Preparation of the films for the investigation on the fluorescent sensory properties

Method 1. A mixture containing CCBM (1 mg) in n-butanol (1 mL) or TCBM (1 mg) in toluene/n-pentanol (v/v = 1/10, 1 mL) was heated to gain a clear solution. The hot solution was treated by ultrasound, and then dropped on the silica slide, which was covered by a watch glass. After 2 h, the solvent was removed under low pressure in a vacuum drying oven.

Method 2. A hot solution of CCBM (1 mg) in n-butanol (3 mL) or TCBM (1 mg) in toluene/n-pentanol (v/v = 1/10, 3 mL) was treated by ultrasound and cooled to room temperature. After aging for 5 h, the solution was dropped on silica slide. After removing the solvent under low pressure in a vacuum drying oven, the film was obtained.

Results and discussion

Synthesis

Scheme 1 showed the synthetic routes for ((1-cyano-2-carbazolyl)ethylene)benzimidazole derivatives CCBM and TCBM. Firstly, compounds 1^15b, 2^17a and 2-(1-phenyl-1H-benzo-[d]imidazol-2-yl)acetonitrile^17b were prepared according to the reported procedures. The Knoevenagel condensation reaction between 2-(1-phenyl-1H-benzo[d]imidazol-2-yl)acetonitrile and compound 1 in the presence of pyridine afforded CCBM in a yield of 71%. Similarly, compound 2 could be transformed into TCBM in a yield of 80% through Knoevenagel condensation reaction with 2-(1-phenyl-1H-benzo[d]imidazol-2-yl)acetonitrile. The target compounds were characterized by ¹H NMR, ¹³C NMR spectroscopy, FT-IR and MALDI-TOF mass spectrometry.

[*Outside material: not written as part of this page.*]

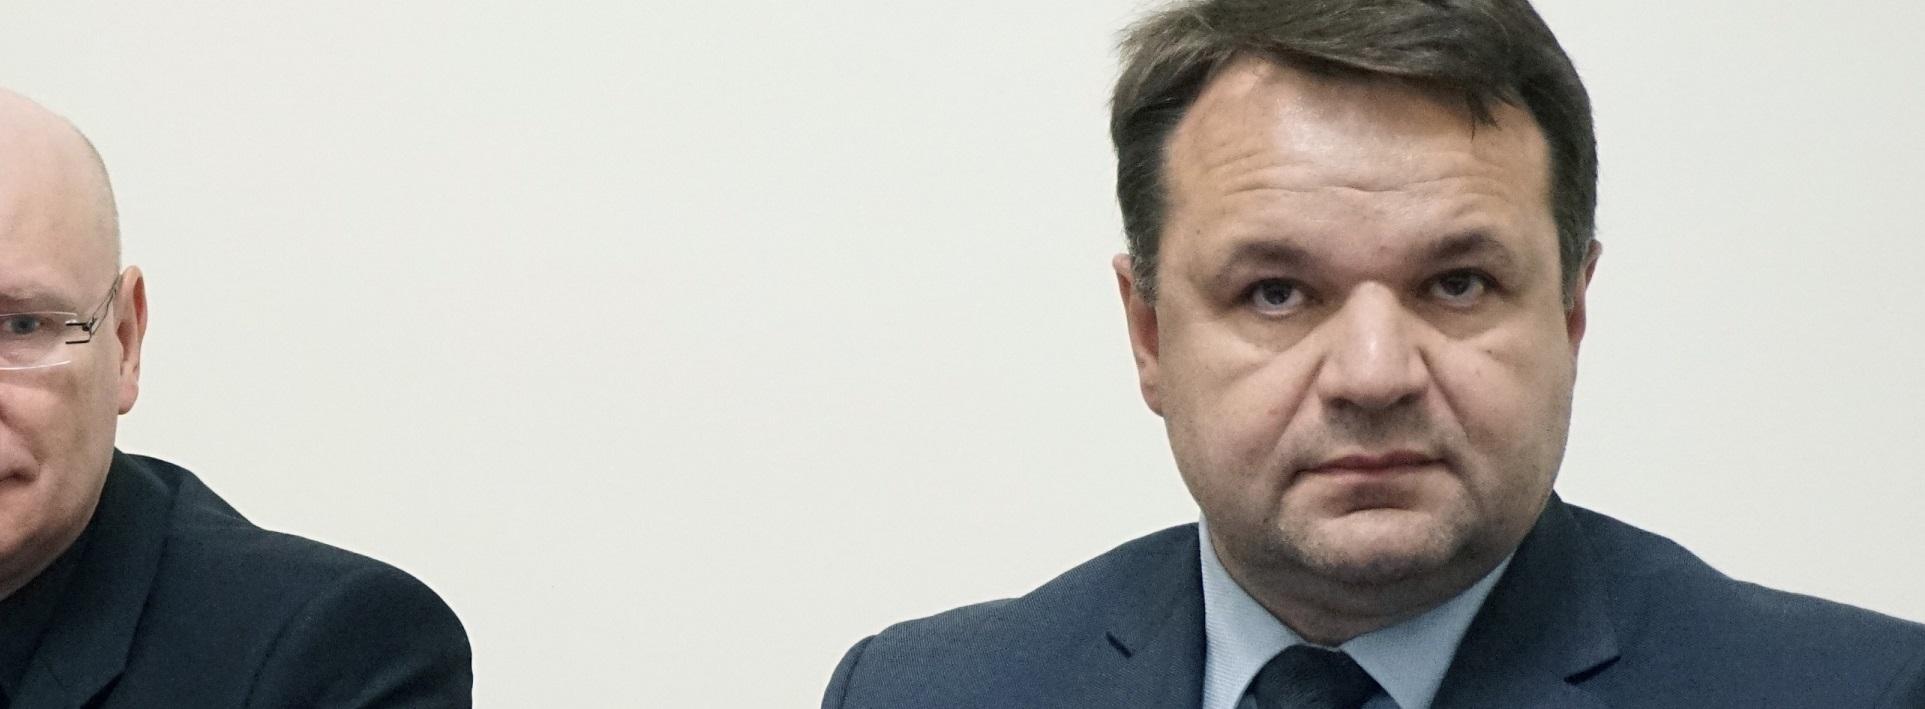 Prawie 24 miliony złotych zarobili w dwa lata radni i działacze PiS

UV-vis absorption and fluorescence emission spectra in solutions

The UV-vis absorption and fluorescence emission spectra of CCBM and TCBM in CH₂Cl₂ (5.0 × 10⁻⁶ M) were shown in Fig. 1. The absorption bands of CCBM appeared at 308 nm and 337 nm with a shoulder at ca. 397 nm, wherein, the former one might be due to π–π* transition and the latter one might come from n–π* transition. Similarly, TCBM exhibited two absorption bands at 301 nm and 365 nm with a shoulder at ca. 411 nm. We deemed that the red-shift of the n–π* transition absorption for TCBM compared with CCBM might due to the stronger electron donating ability of triphenylamine than carbazole. As shown in Fig. 1b, two emission bands at 442 nm and 589 nm were detected for CCBM in CH₂Cl₂, and the former one might come from (carbazolylethylene)carbazole moiety and the latter might originate from the aggregates, which could be confirmed by concentration-dependent fluorescence emission spectra. As shown in Fig. S1,† it was clear that no emission at ca. 590 nm could be detected when the concentration of CCBM was 1.0 × 10⁻⁶ M, and it emerged when the concentration reached 1.0 × 10⁻⁵ M. The higher was the concentration, the stronger was the emission at ca. 590 nm for CCBM. In the case of TCBM, one strong emission located at 438 nm in CH₂Cl₂ was detected at 5.0 × 10⁻⁶ M.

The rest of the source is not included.